▶ [Exercise details] Reproduce the data below exactly as written. Pictures do not belong in the copy.

▶ [Supplied material]
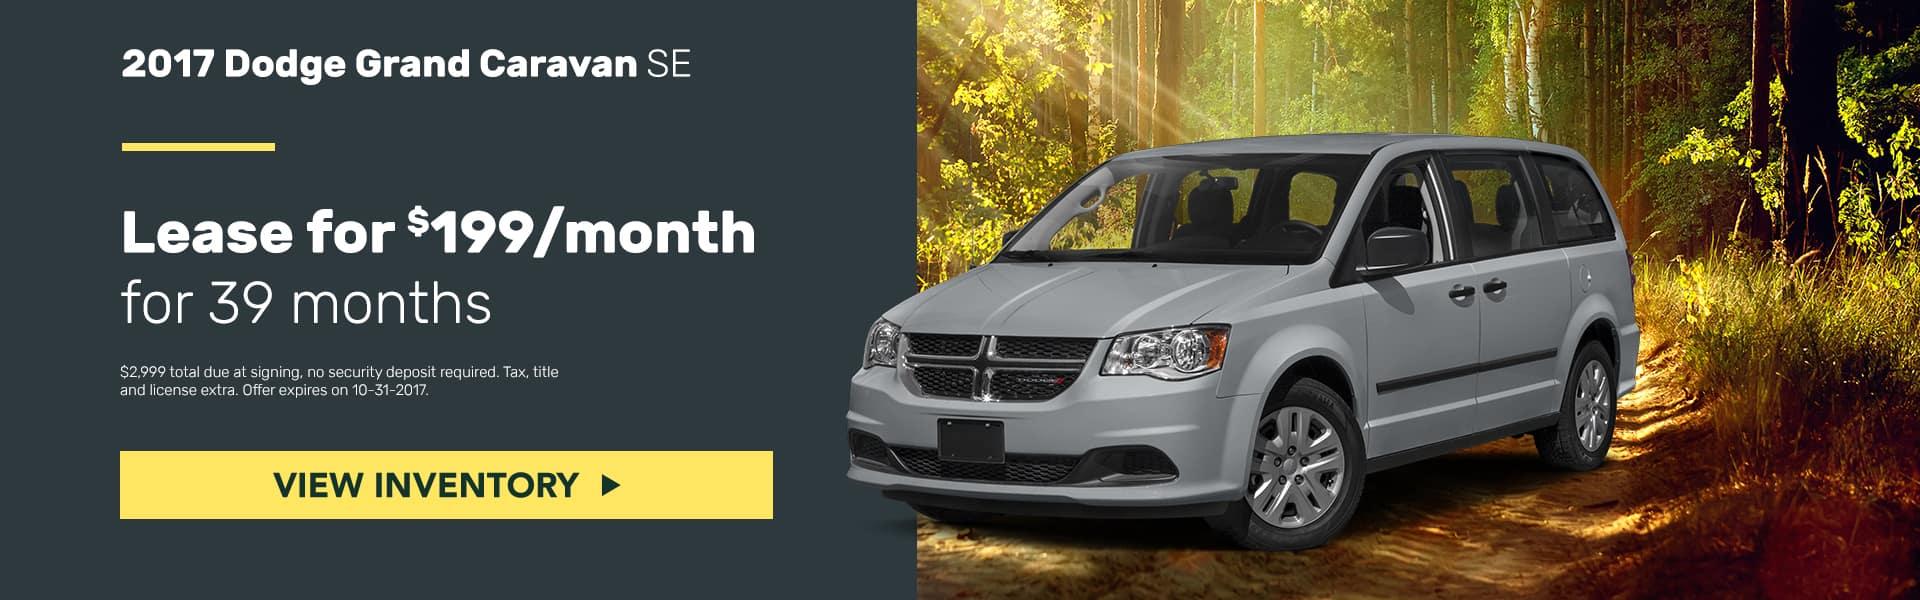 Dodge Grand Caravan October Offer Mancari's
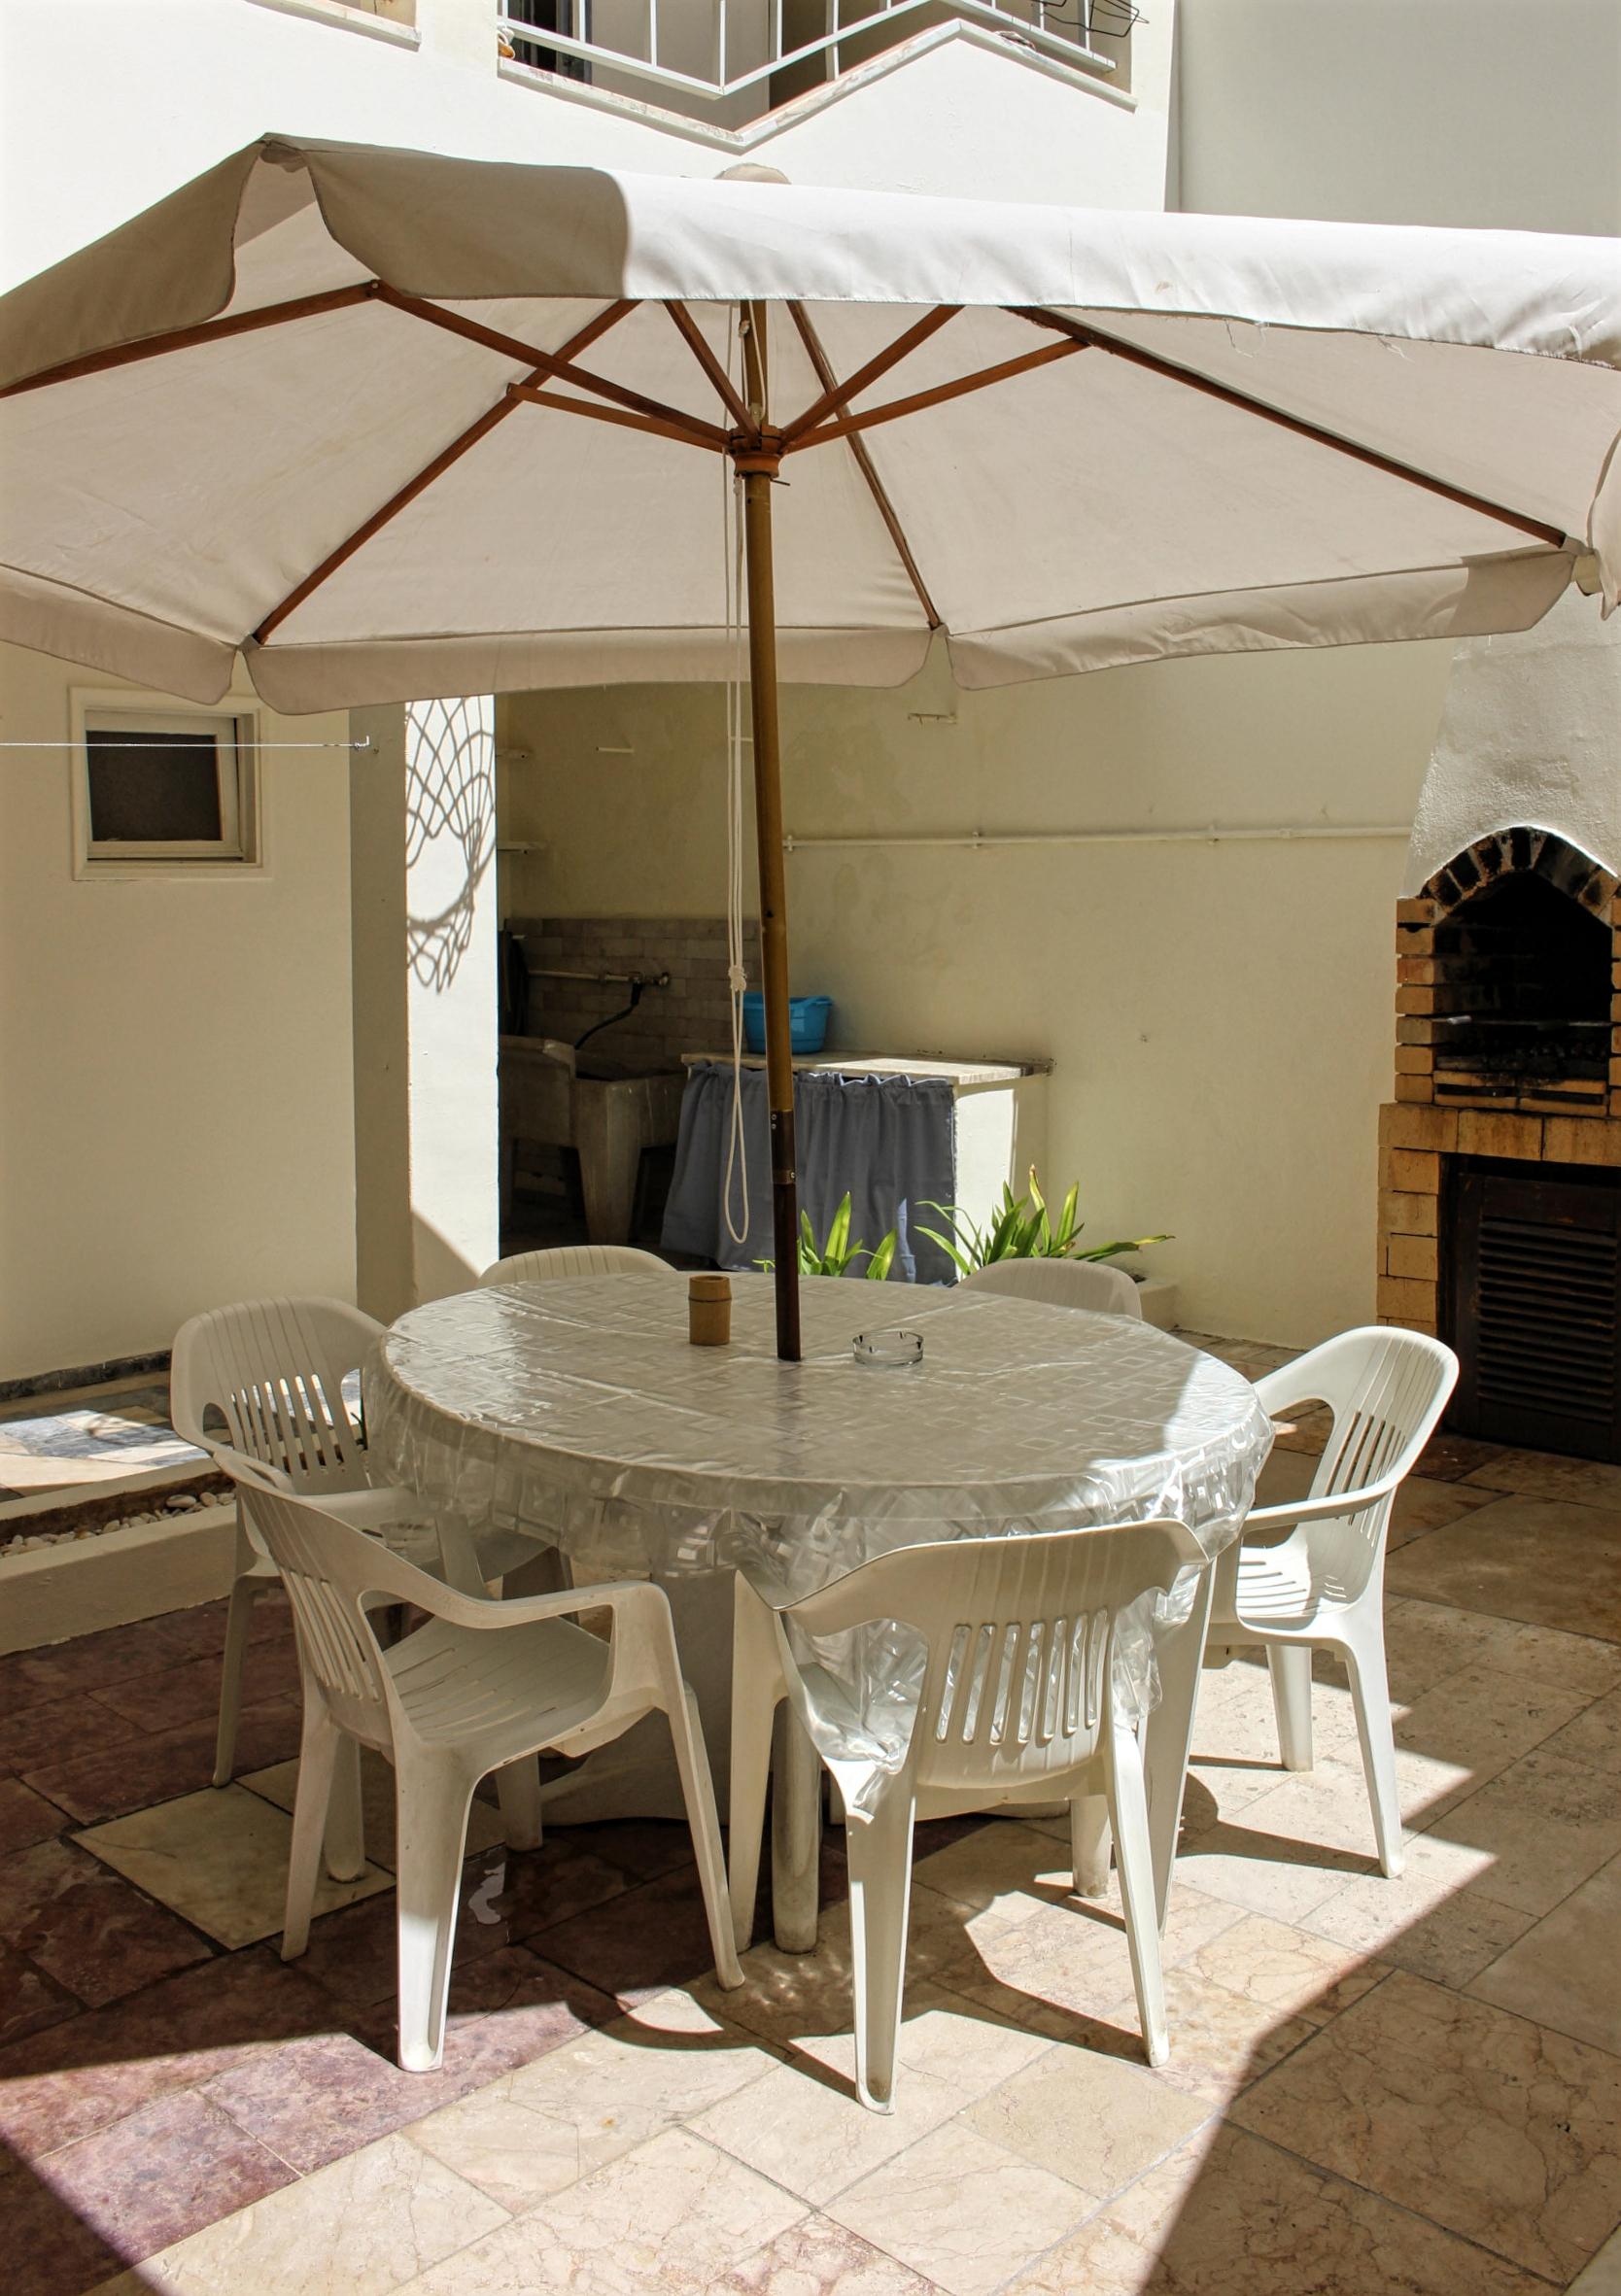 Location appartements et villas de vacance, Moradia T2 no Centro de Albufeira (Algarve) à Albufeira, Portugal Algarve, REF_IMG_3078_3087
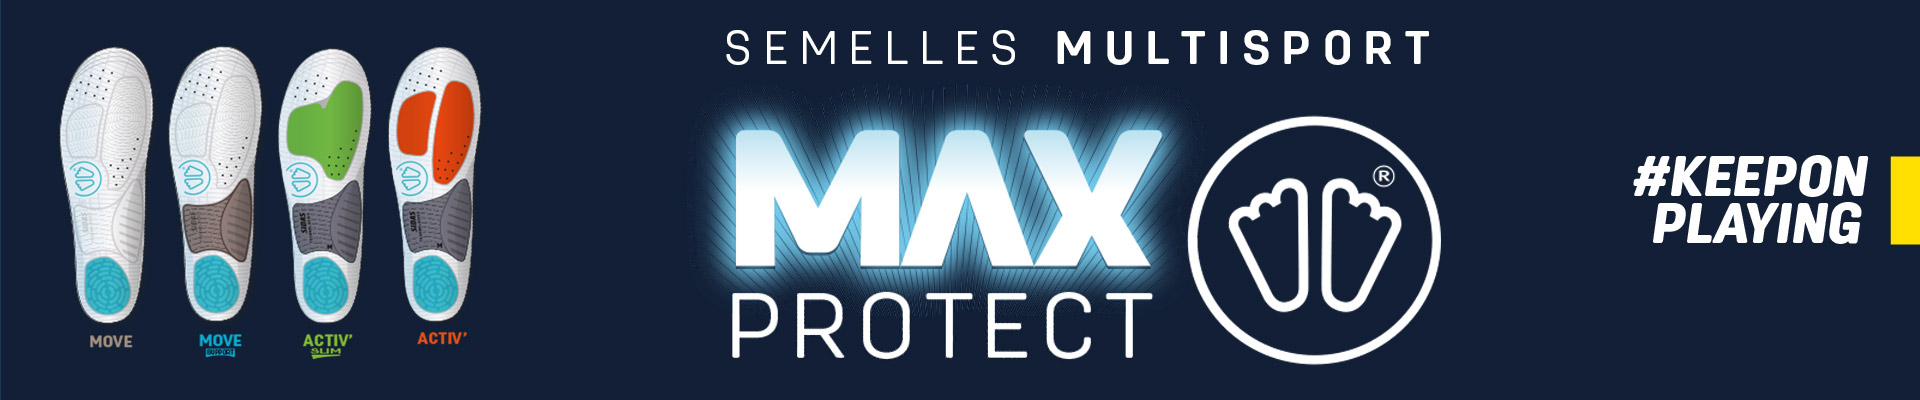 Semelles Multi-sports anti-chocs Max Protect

▶ [Expected answer]
 Dodge Grand Caravan October Offer Mancari's
 Location appartements et villas de vacance, Moradia T2 no Centro de Albufeira (Algarve) à Albufeira, Portugal Algarve, REF_IMG_3078_3087
 Semelles Multi-sports anti-chocs Max Protect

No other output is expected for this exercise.